Junior Achievement Africa CEO Simi Nwogugu, called on Nigeria’s changemakers to apply or be nominated for the inaugural Africa Education Medal. Simi Nwogugu has joined leading figures from across Africa in support of the new award that will be given to an outstanding individual who has demonstrated impact, leadership, and advocacy in the field of education.

In the decades leading up to the pandemic, Africa had been making great strides in boosting school enrolment. To protect and expand upon these vital gains in the wake of COVID. Teachers, NGOs, politicians, tech entrepreneurs, and figures from the public and private sectors, will need to work together to build a future where every child in Africa can achieve the quality education that is their birthright.

The Africa Education Medal has been launched to recognise the tireless work of those who are transforming education across the continent. And to celebrate the stories of those who have lit the spark of change so others will be inspired to take up the torch.

Brad Pulford, Managing Director at HP Africa, said: “HP has been committed to enabling better learning outcomes for 100 million people between 2015-2025. Achieving this bold goal wouldn’t be possible without empowered education leaders and trailblazers who are at the forefront of the rapidly changing education environment. A quality education empowers not just individuals, but entire communities. It will skill the next generation to fulfil their full potential in a world being transformed by technology. The Africa Education Medal not only honours the tireless work of those seeking to improve education all across Africa. But gives them a platform to amplify their voices and inspire others to follow their examples.”

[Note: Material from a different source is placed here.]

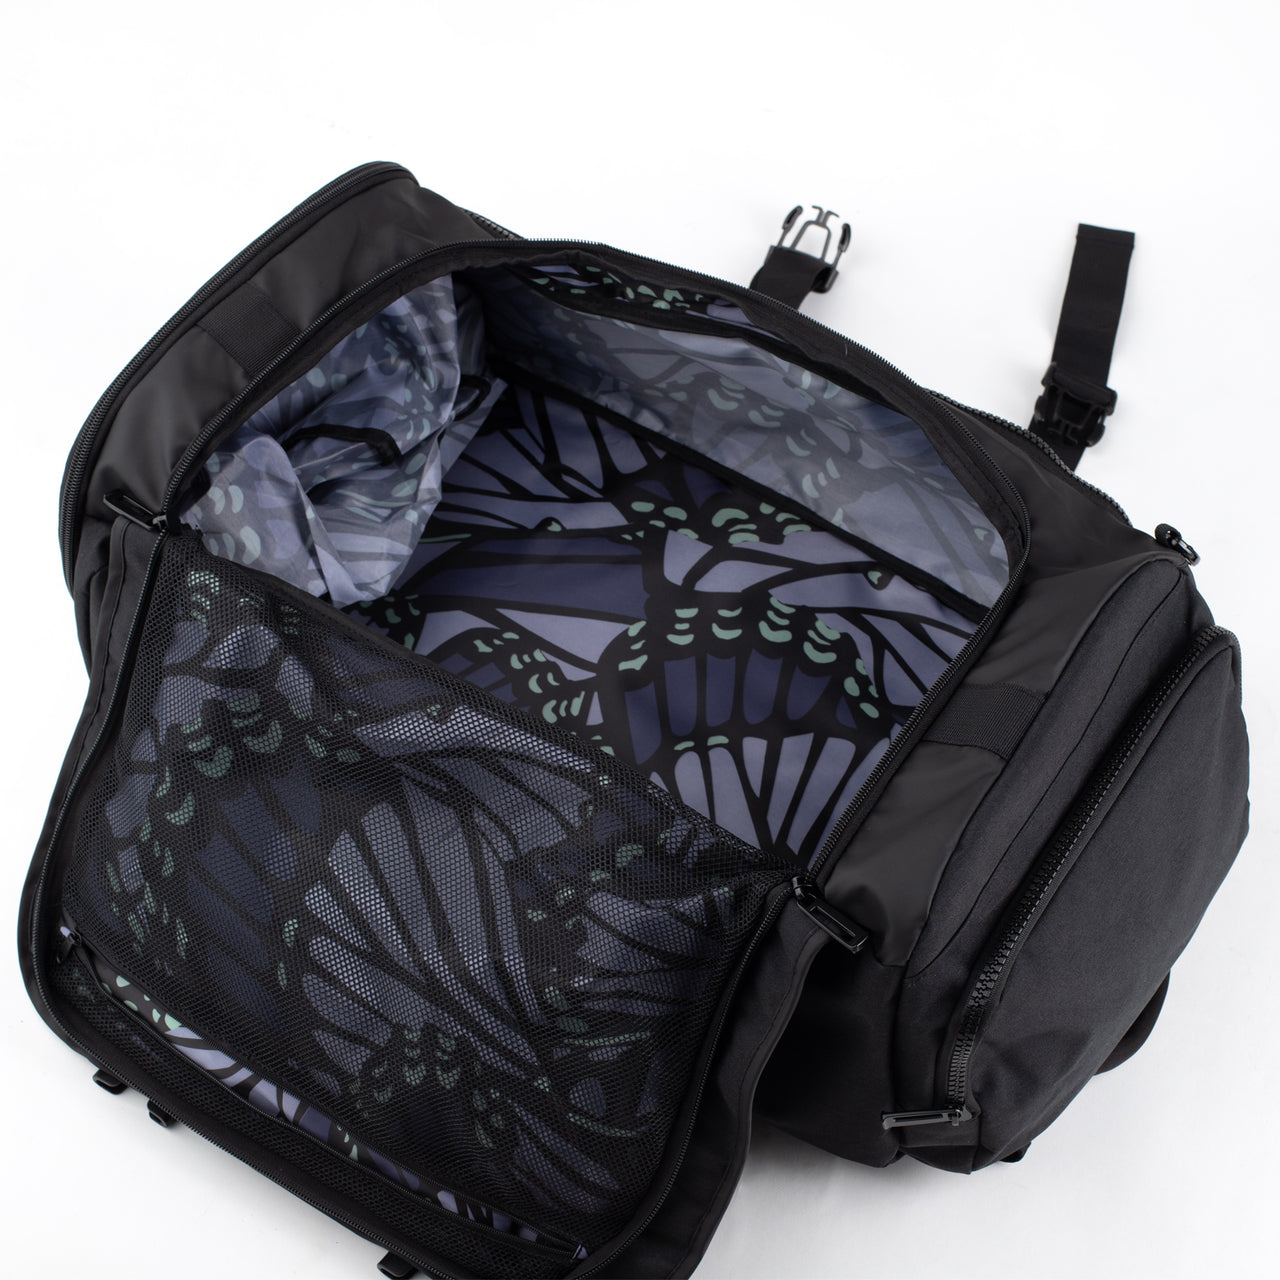 93brand "Butterfly" Gear Bag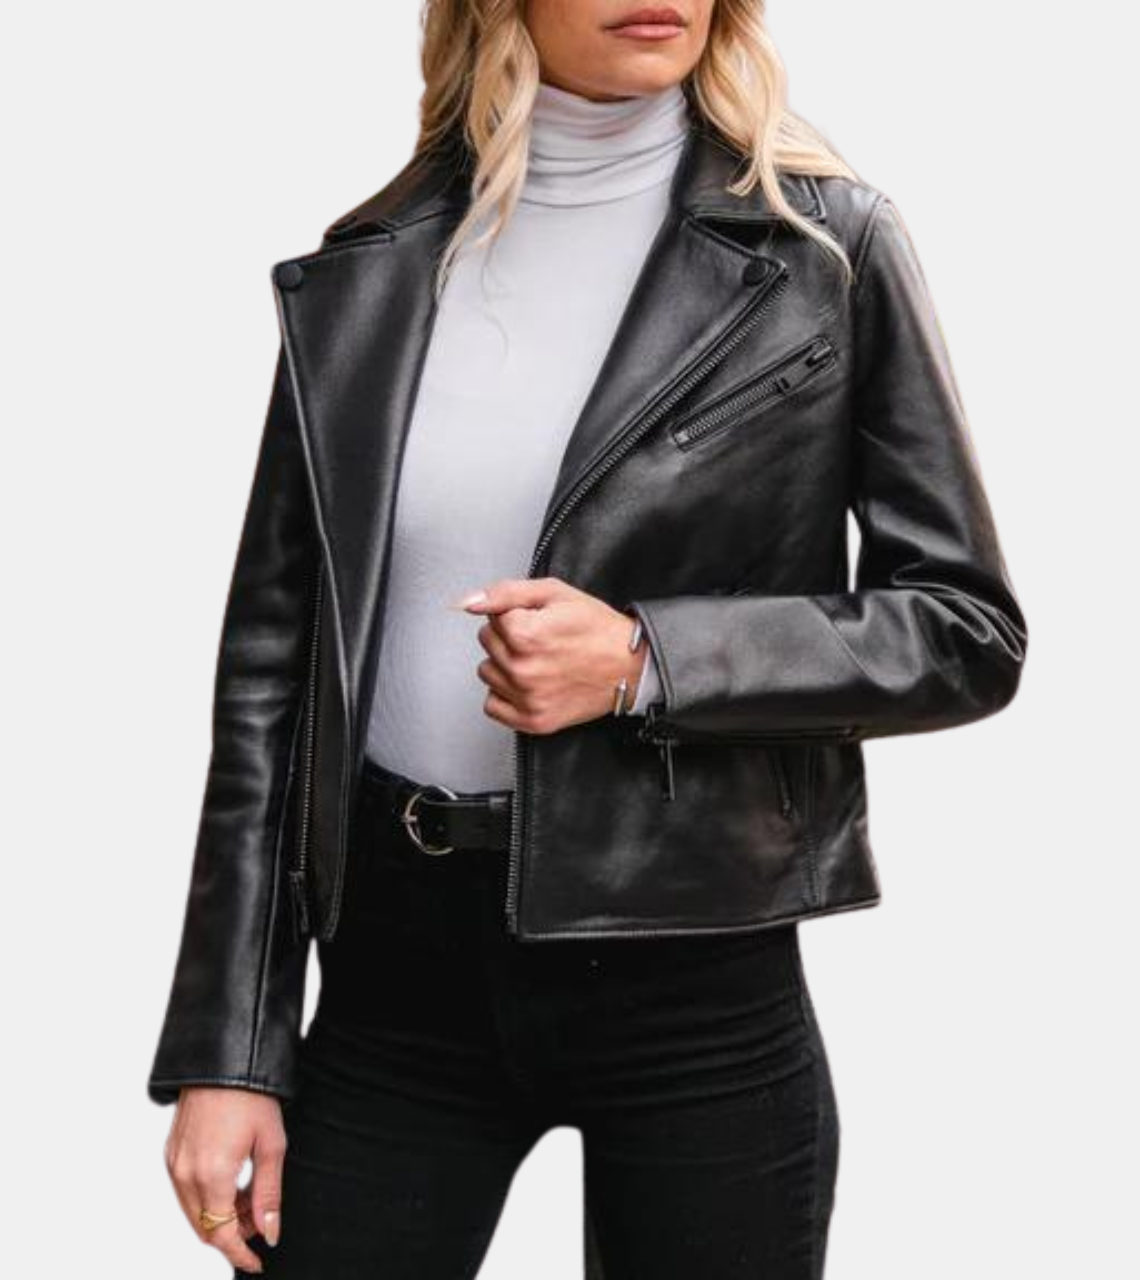  Verona Women's Black Biker's Leather Jacket

Simi Nwogugu, CEO of Junior Achievement Africa, said: “A good education will empower young people in Nigeria and across Africa. To fulfil their full potential, secure better lives for themselves, their families, and their communities. I am a beneficiary of great educational institutions from attending a public secondary school in Lagos, Nigeria. To attaining an MBA at Harvard Business School, which empowered me to return to Nigeria to expand the work of JA across Nigeria and the continent. Africa’s great changemakers know education is the key to our continent’s prosperity in a global economy. I urge inspirational leaders from Nigeria and across Africa to step forward and apply for the Africa Education Medal so their stories can inspire thousands more.”

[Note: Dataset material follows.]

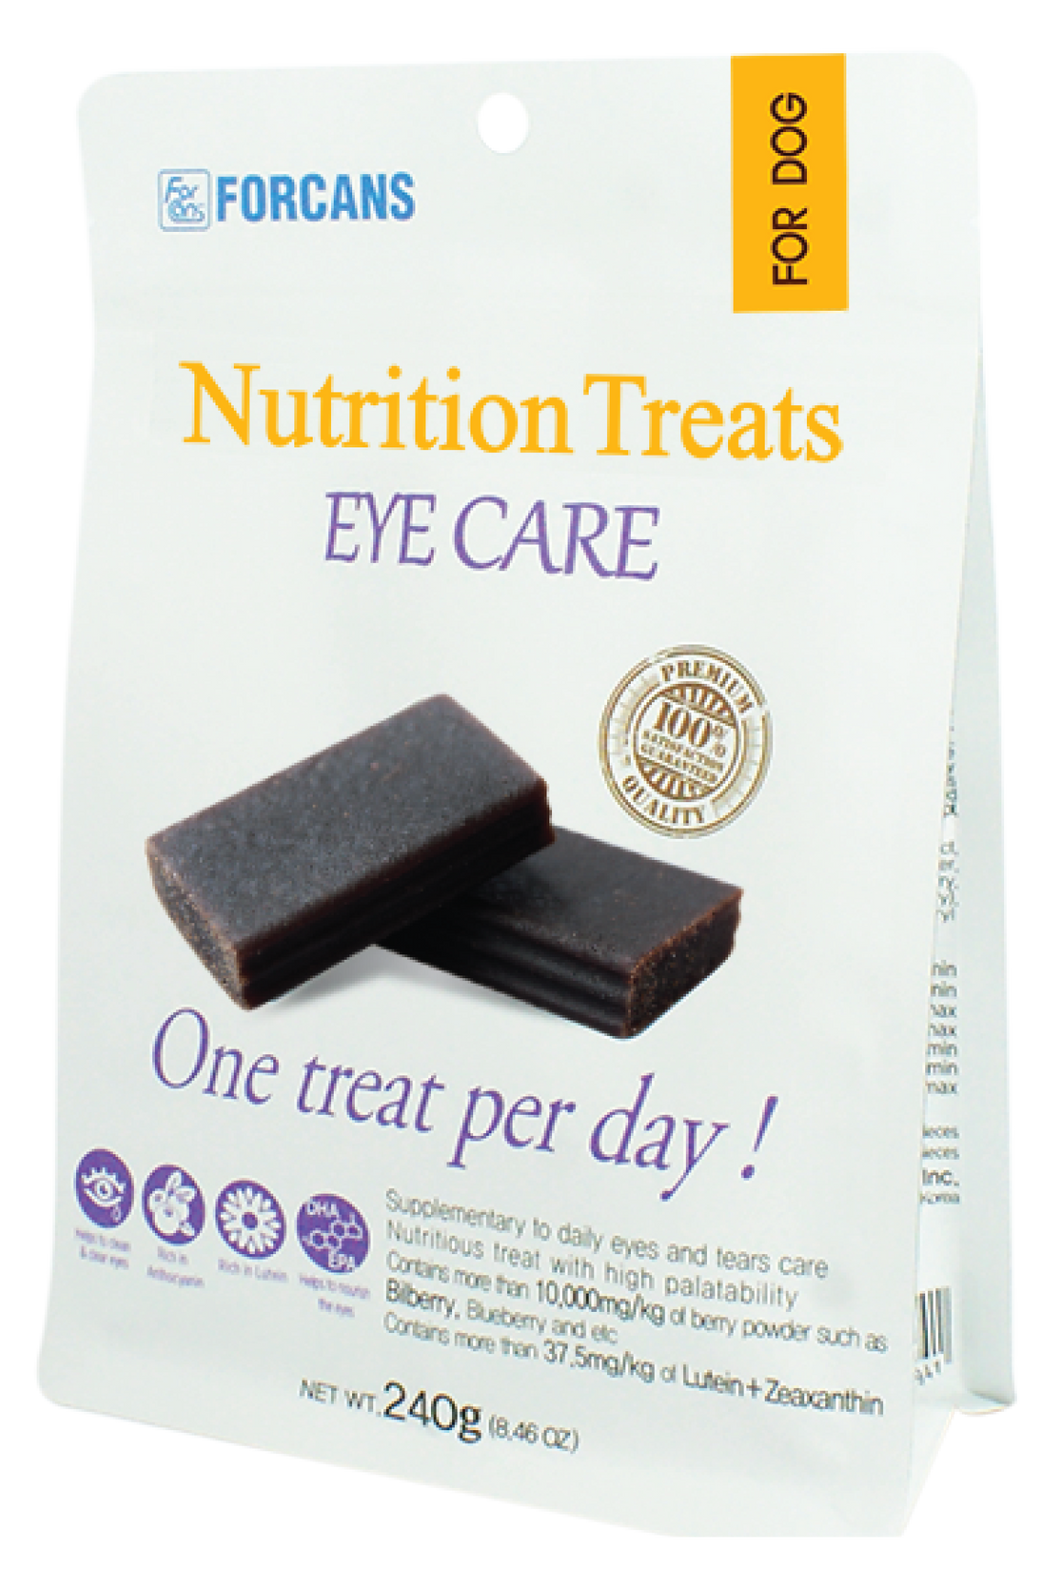 Forcans Nutrition Treats - Eye Care

Vikas Pota, Founder and CEO of T4 Education: “Quality education will help African countries grow and prosper. And it will help Africa produce the public leaders of tomorrow who will go on to grapple with the continent’s greatest challenges from inequality, to climate change, food insecurity and disease. The Africa Education Medal recognises those who are working every day to make that vision a reality.”

The Africa Education Medal is open to individuals working to improve pre-kindergarten, K-12, vocational and university education who are one of the following:

  • Educators and school administrators.
  • Civil society leaders.
  • Public servants and government officials.
  • Political leaders.
  • Technologists and innovators.

Nominees must demonstrate their contribution in any of the following key areas in education:

  • Significantly improving learning outcomes.
  • Promoting girls’ education.
  • Promoting equity and broadening access to education.
  • Advancing pedagogical or technological innovation.
  • Building and strengthening educator capacity.
  • Catalysing civic participation in education.
  • Championing the rights of education stakeholders.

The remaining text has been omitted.